Resistance is Feudal

RESISTANCE IS FEUDAL


This is not my story. It’s the wizard’s story; it is his, and if God had not seen fit to arrange otherwise, he would write these words.

But I alone am left to tell this tale.

 


 

I was only a child when the wizard came to us, but I remember that day well. The sky was cloudless and cornflower blue. It was harvest season, and I was in the field with Da and my three older brothers, gathering the wheat. We would give half to the lord, keep another quarter for ourselves (Ma would make rolls and bread and Da’s beer), and sell the balance in the village. Tilling and sowing was hard work, but Da would hear no complaining. “Better to bend your back in a field, Edward,” he’d say, “than to break your leg chasin’ a cow or a goat or a damn chicken. Chickens is worst of all.”

A man of serious wisdom, my Da.

I stooped to pull up a weed, and I guess that saved my sight and maybe even my life. I heard a crack like a tree splitting in two. My hair stood on end and my whole body felt like water had frozen along it in a flash, then melted away.

I went blind.

It was just for a second, but I couldn’t see. The weed disappeared, present only by touch. The ground dissolved to white nothing.

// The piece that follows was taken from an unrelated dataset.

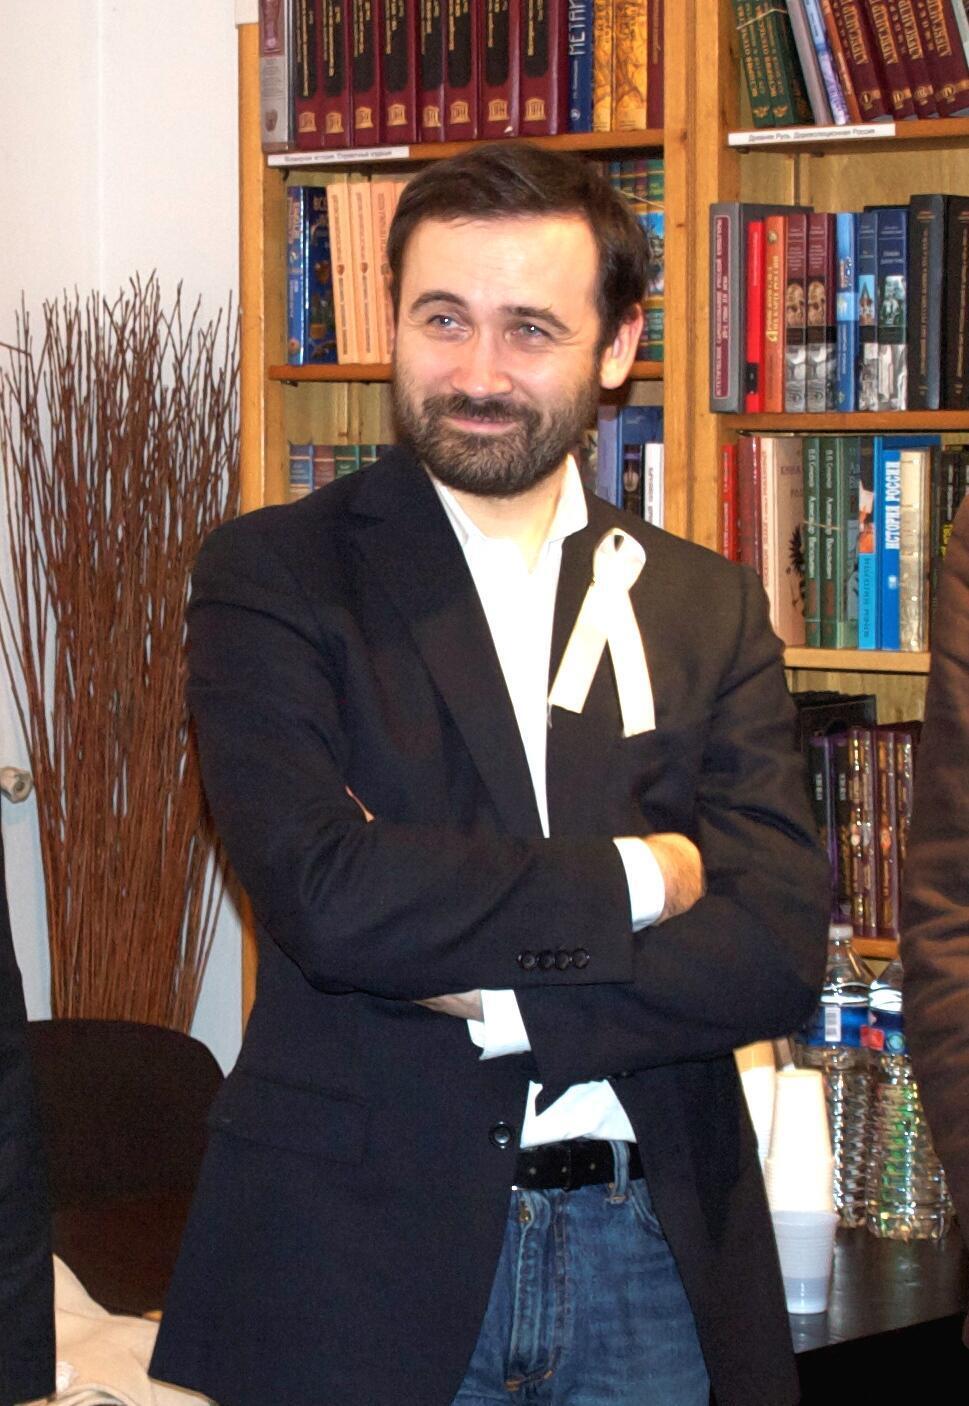 Илья Пономарев, 21 января, 2012

I heard screaming. The whiteness broke up into patches like clouds, or fog, and drifted away. I looked up.

A few rods away, a fire burned on the field. Two of my brothers ran from it, terrified. Da had been knocked to the ground and wasn’t moving. I couldn’t see Harold, my oldest brother. Smoke poured up from the ground where the fire’s tongues licked.

In the middle of the flames stood the troll.

I gasped and began to back away. It was taller than a rod, its body blackened, as if scorched by the flames, but it stood still, as if the fire did not bother it. Light flickered and glinted from it—it had patches of strange, almost metallic scales, like snakeskin, but rigid and hard. Oily shadows danced along those parts of its body. It was bald, its pate mottled, one eye surrounded by a protruding ring of scales.

As I watched, Da started to get to his feet. The troll raised its right arm—it was tipped not with a hand, but with some sort of long, thin claw, a single spike that spat a bolt of red lightning. Da screamed and fell down again.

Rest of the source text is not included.